CONGRESS OF THE ESPU

13:33–13:36

S1-2 (PP)

TWO NEW VARIANTS IN BMP7 PRODOMAIN IN TWO

PAIRS OF MONOZYGOTIC CONCORDANT TWINS

WITH HYPOSPADIAS

Aurore BOUTY

1

, Katie AYERS

2

, Ardy SANTOSA

3

, Yves HELOURY

4

, Sultana FARADZ

5

and Andrew SINCLAIR

2

1) Royal Children’s Hospital, *Urology, Parkville, AUSTRALIA - 2) MCRI, Molecular Development, Parkville, AUSTRALIA

- 3) Doctor Kariadi Hospital, Urology, Semarang, INDONESIA - 4) RCH, Urology, Parkville, AUSTRALIA - 5) Faculty

of Medicine Diponegoro University (FMDU), Centre for Biomedical Research, Semarang, INDONESIA

PURPOSE

Hypospadias is thought to be caused by a combination of genetic and environmental factors.

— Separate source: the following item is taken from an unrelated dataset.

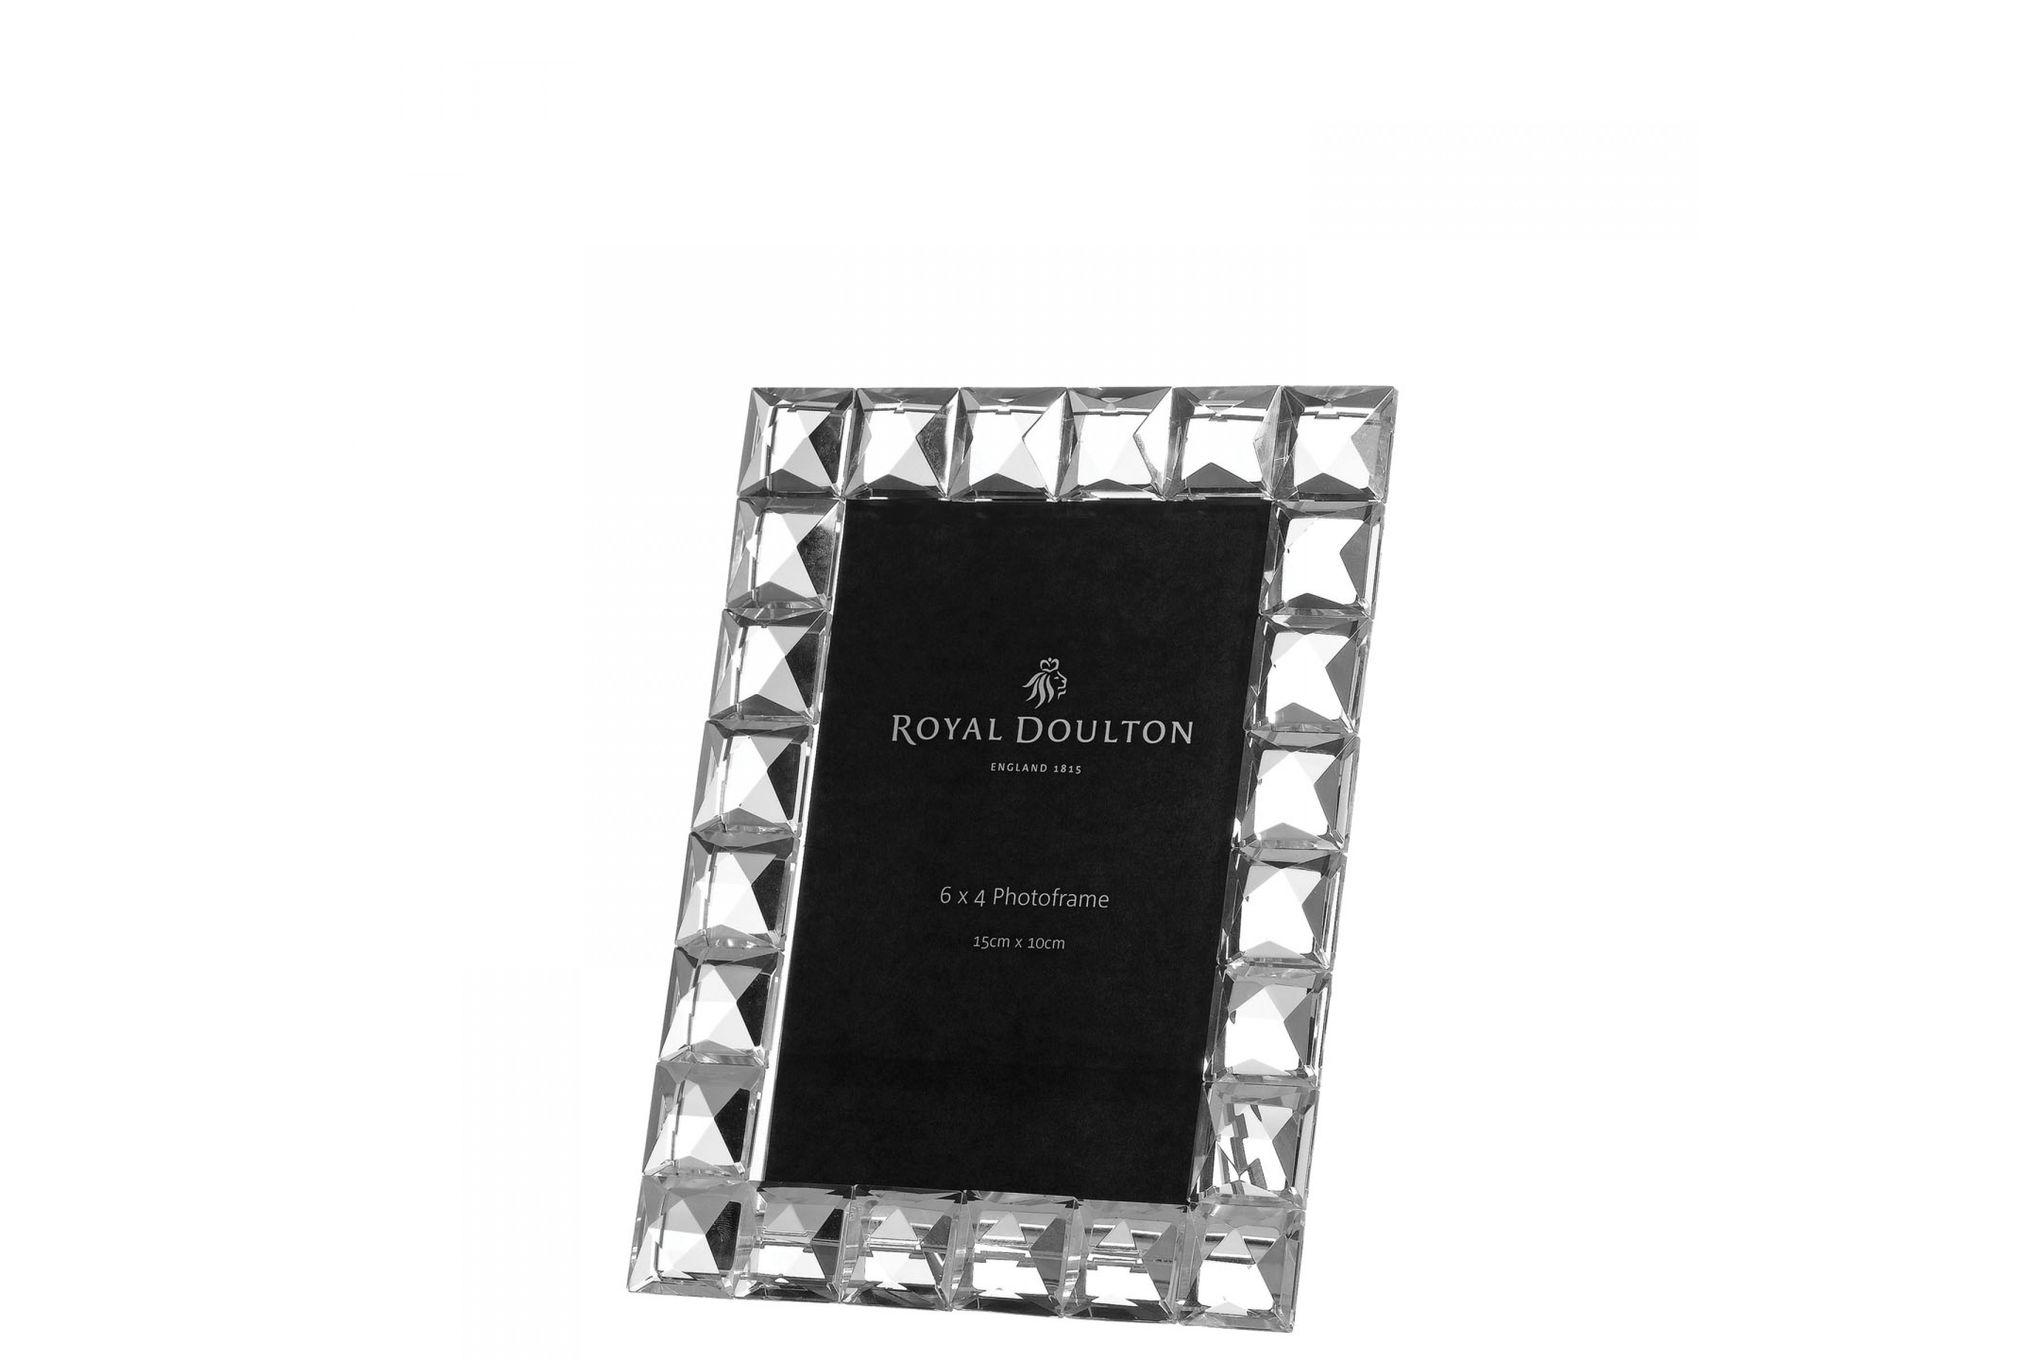 "Royal Doulton Radiance Diamond Photo Frame Boxed 6 x 4"" thumb 1"

Variants in Bone Morphogenetic Protein 7 (BMP7) have been reported in patients with hypospadias.

Here we report two new variants in BMP7 in two pairs of twins from Indonesia.

MATERIAL AND METHODS

Patients with hypospadias were prospectively recruited in local and international clinics. After

informed consent DNA was extracted from blood. The coding regions of 1034 genes (including

64 known diagnostic and suspected candidate genes for DSD) were sequenced using a targeted

capture approach (Haloplex, Agilent), combined with massively parallel sequencing (MPS). The

resulting variants were filtered for rarity in the general population (<1%), and in our screen. Quality,

depth of the reads and predicted pathogenicity were also considered.

RESULTS

We have currently analysed sequencing from 46 hypospadias patients. Two previously unreported

variants in BMP7 were identified in two pairs of monozygotic concordant twins exhibiting proximal

hypospadias. Both variants (c.G6344, p.D212N and c.G265T, p.A89S) are heterozygous, non-

synonymous coding and affect highly conserved amino-acids in the prodomain of BMP7, a region

known to be important for the excretion of the protein in the extracellular matrix.

CONCLUSIONS

Through our targeted DSD panel we have identified two new variants in the prodomain of BMP7

in hypospadias. This region has been associated with other diseases in humans but never with

hypospadias.

Further analysis of patients with hypospadias, especially trios (patients and parents), may uncover

more novel variants that cause this DSD.